> [Assignment] Each and every line below goes into your answer unchanged, but leave out the images.

> [Data block]

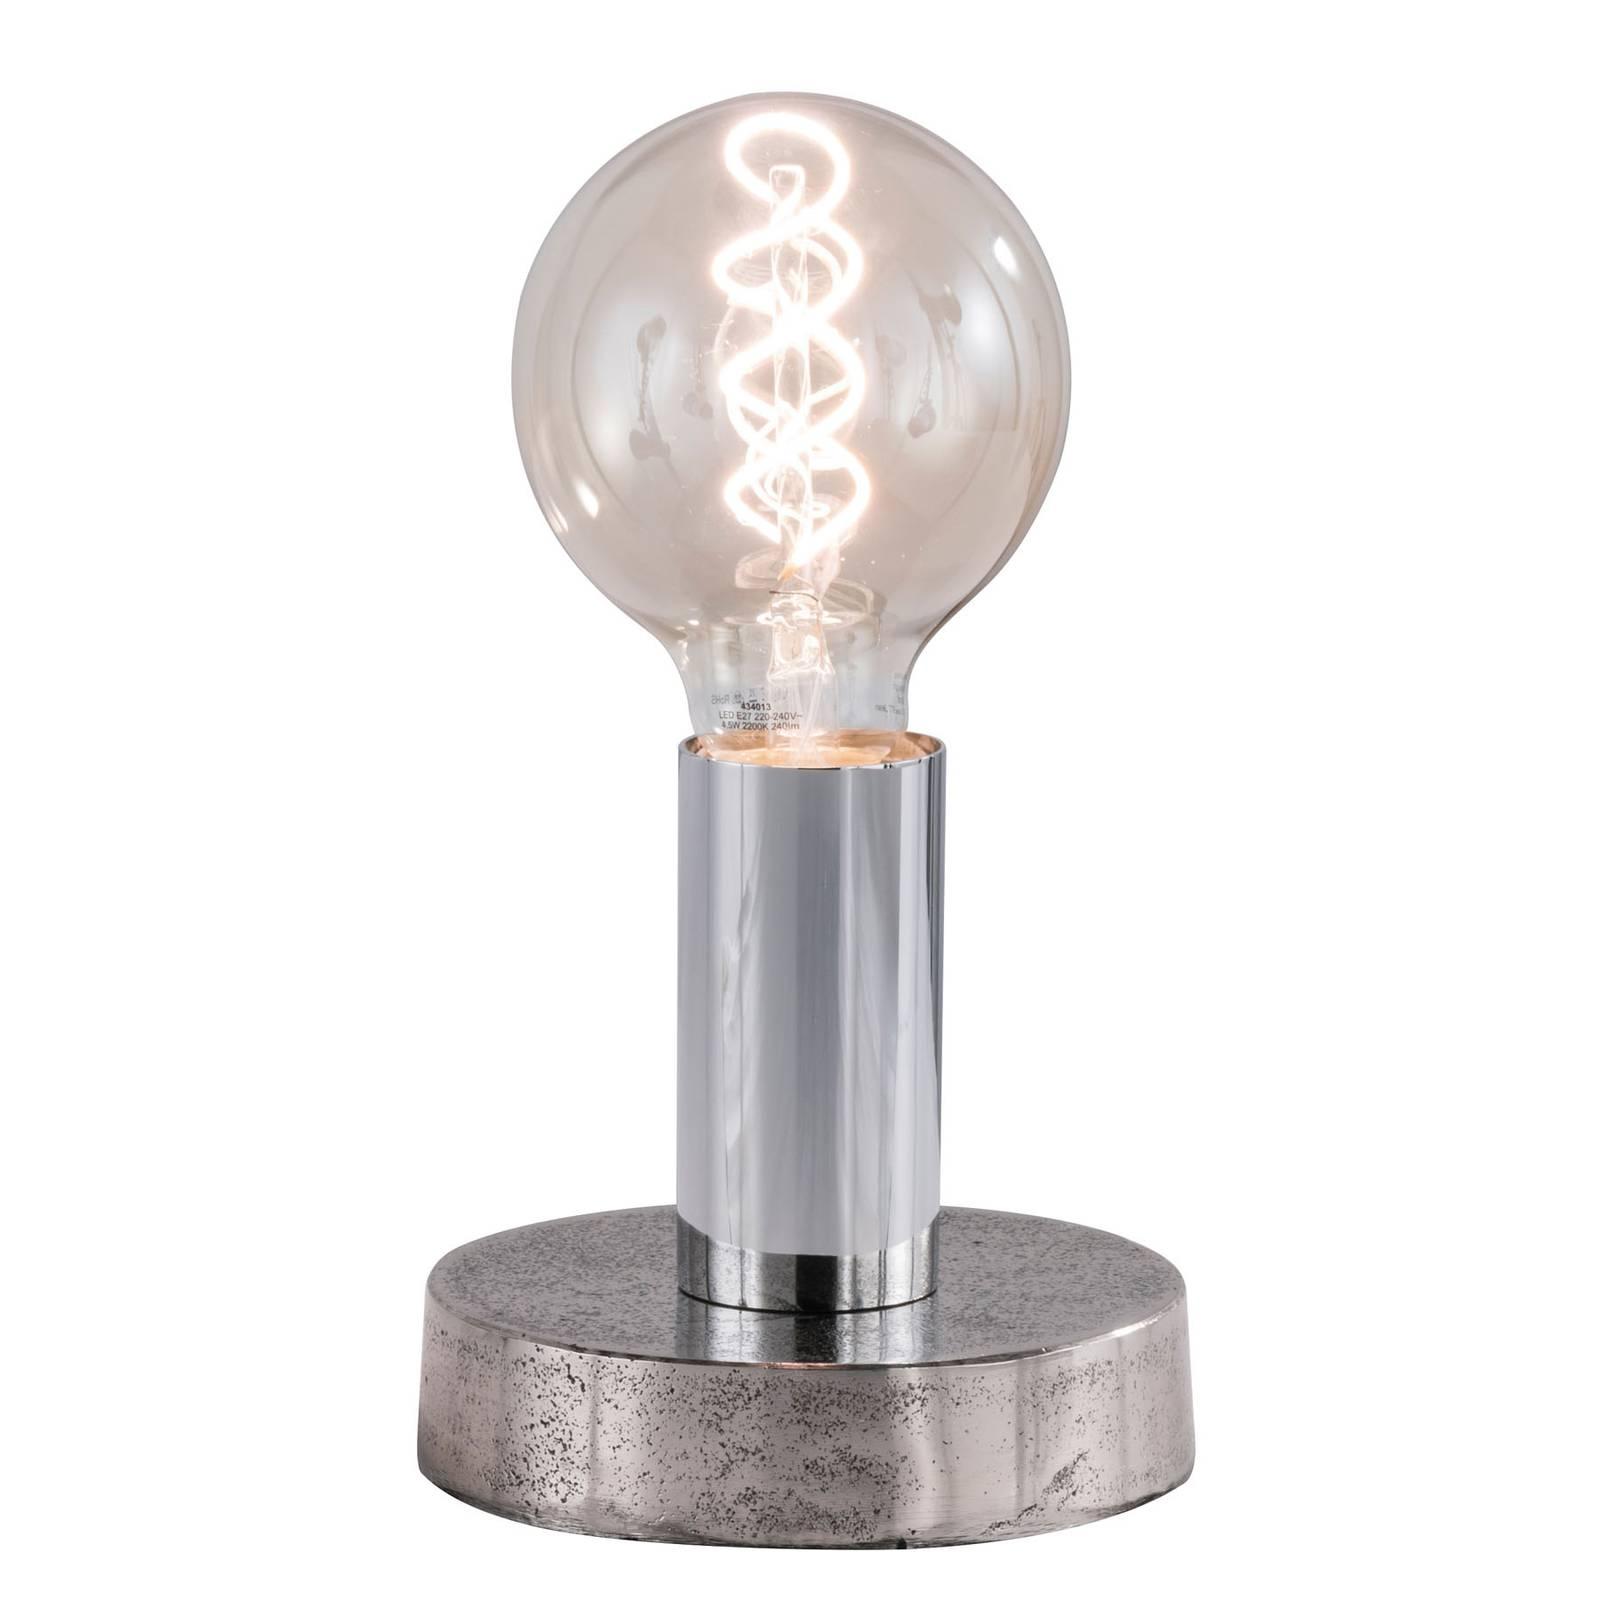 Tafellamp Valence met ronde voet
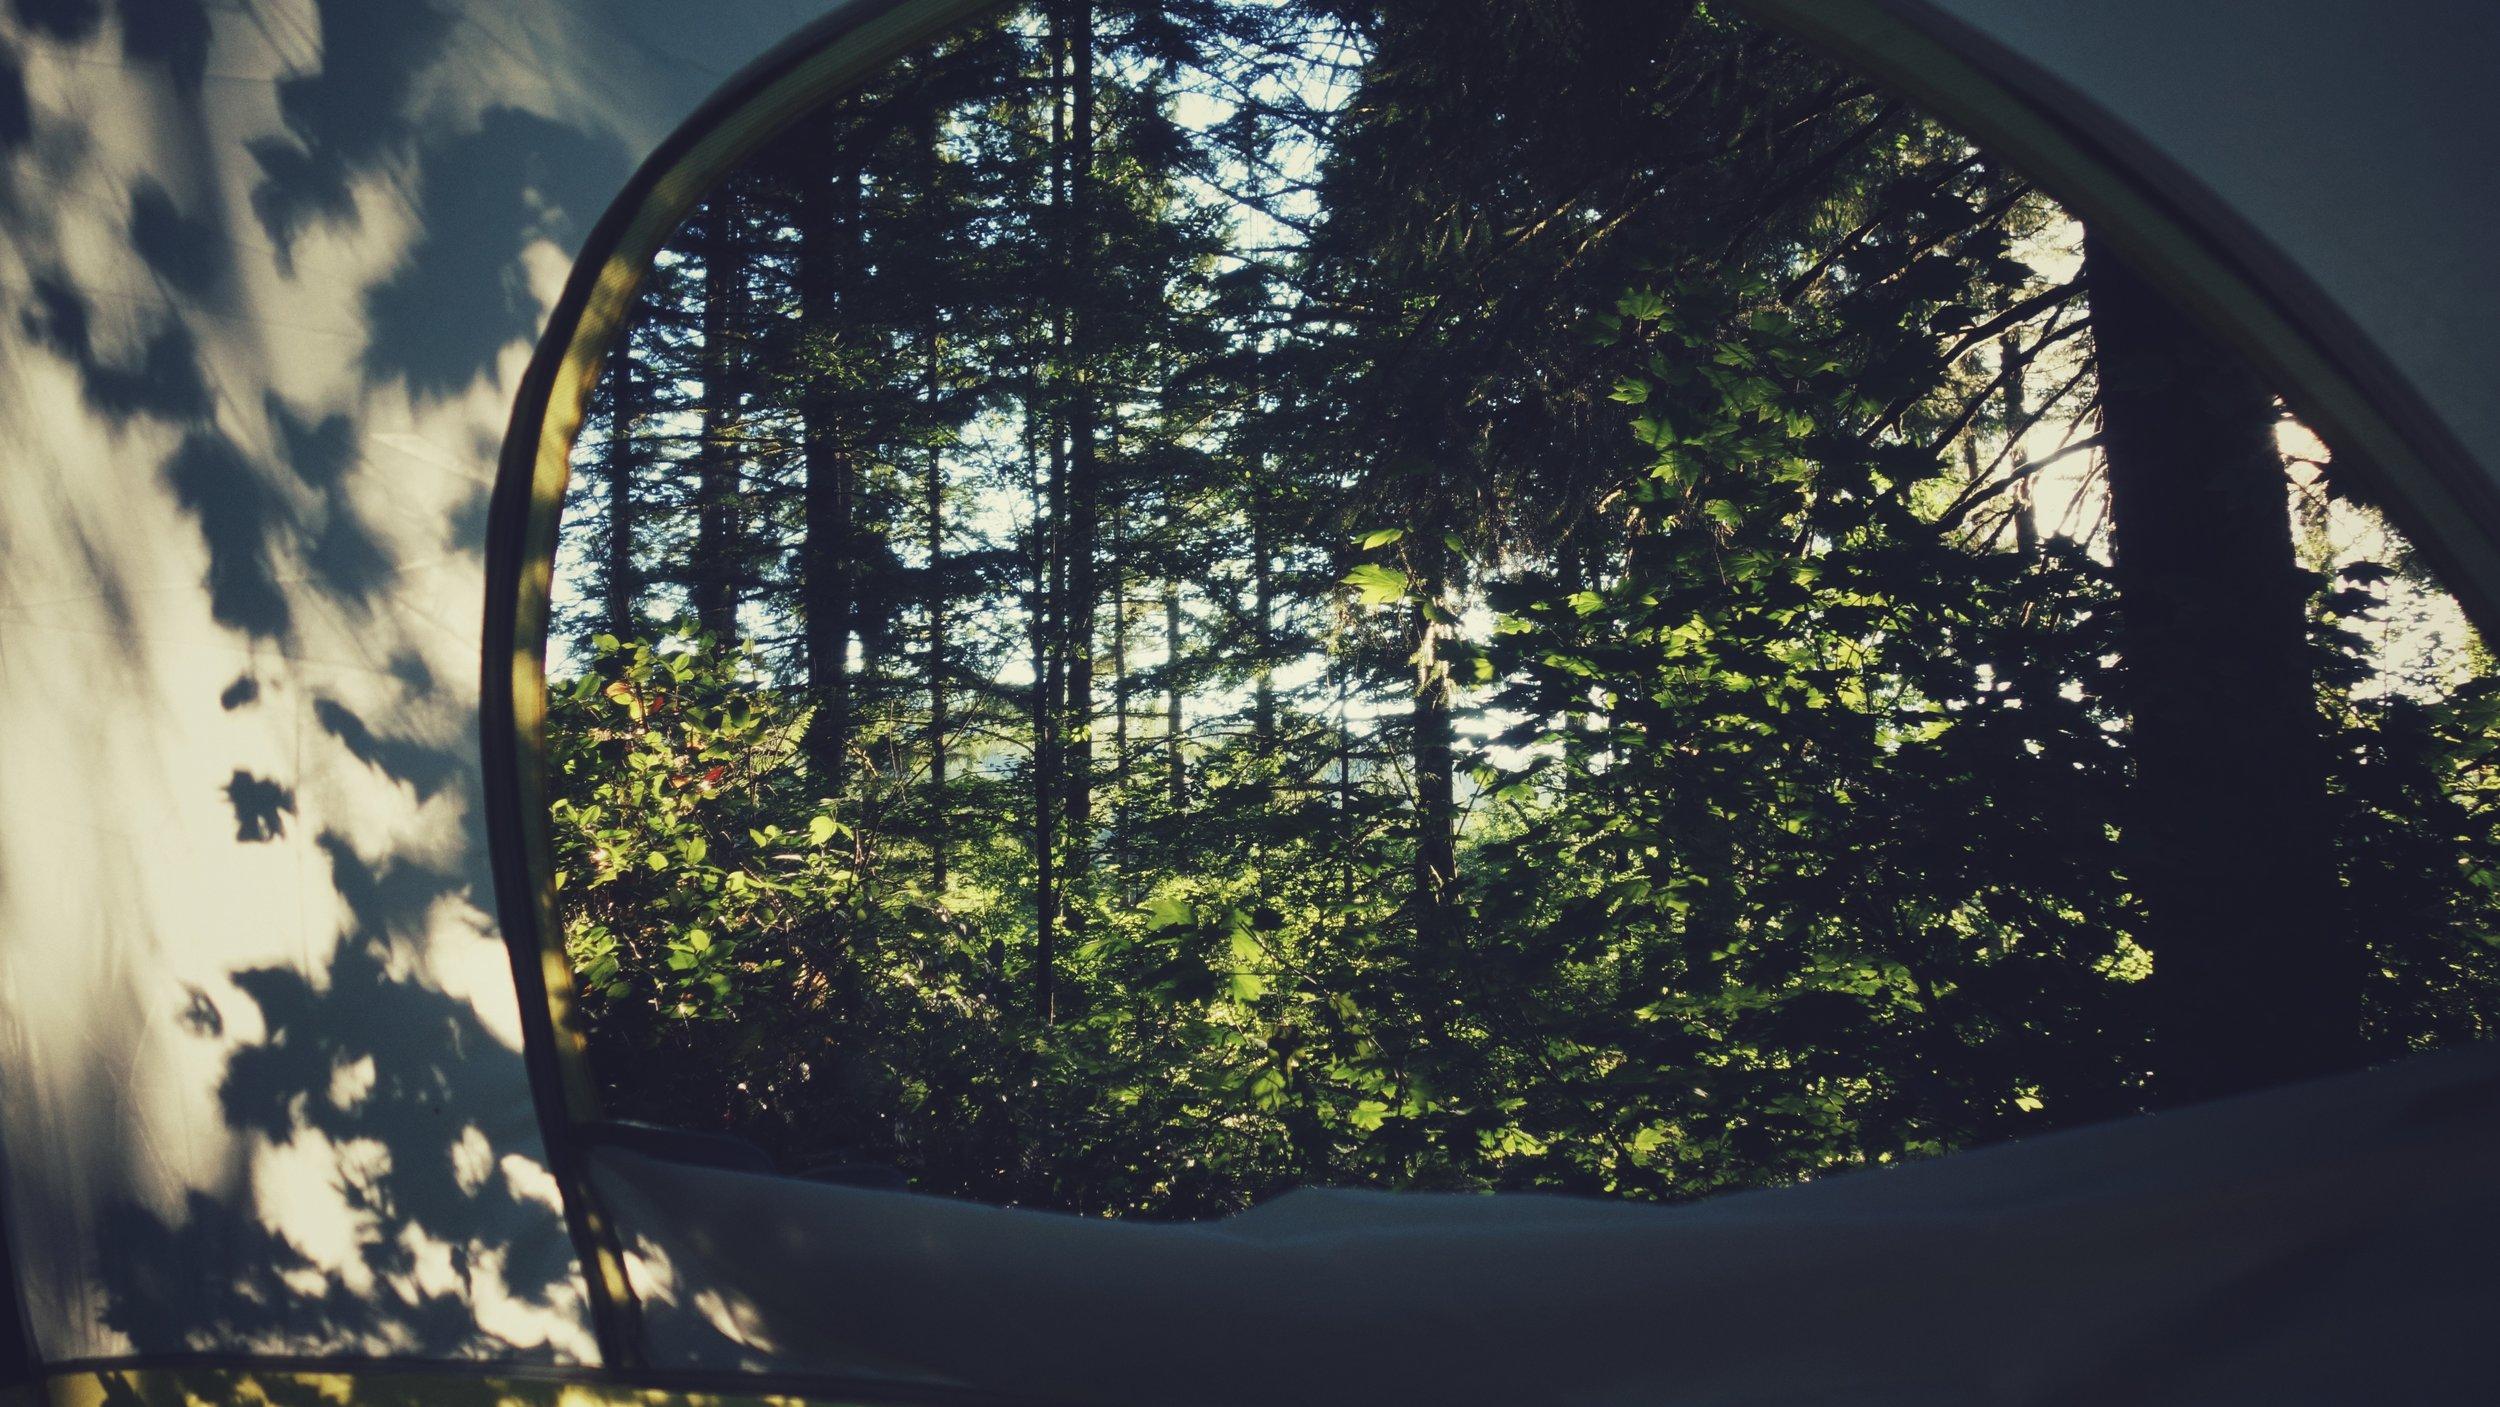 My bedroom window.
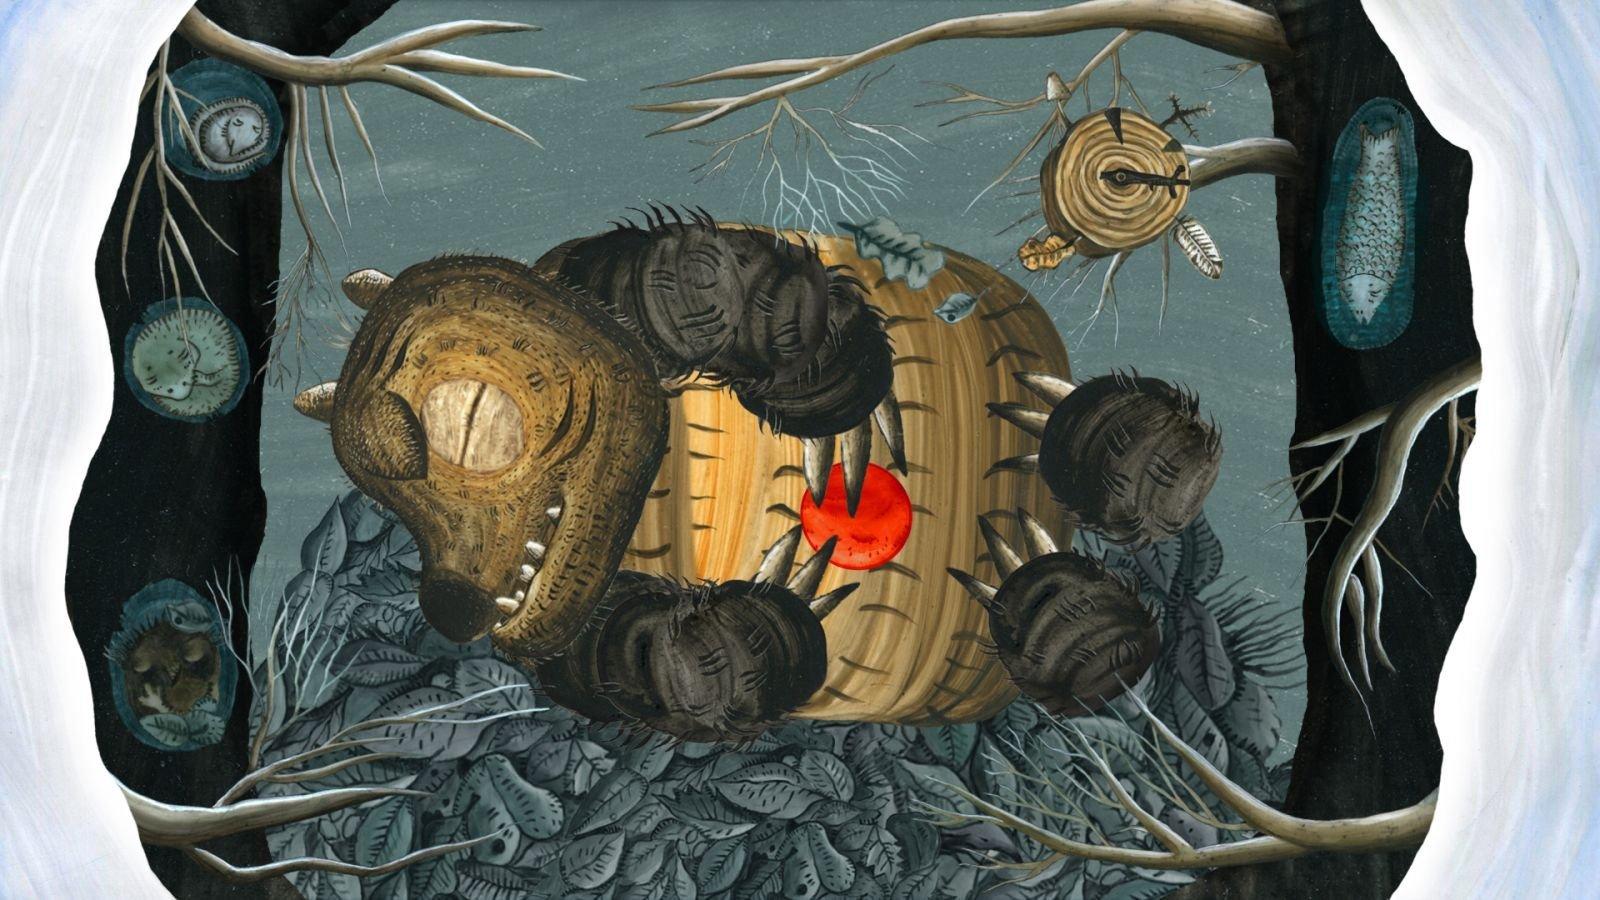 Кадр з анімацыйнай ленты Якія сны сніць мядзведзь

> [Completed exercise]
 Tafellamp Valence met ronde voet
 My bedroom window.
 Кадр з анімацыйнай ленты Якія сны сніць мядзведзь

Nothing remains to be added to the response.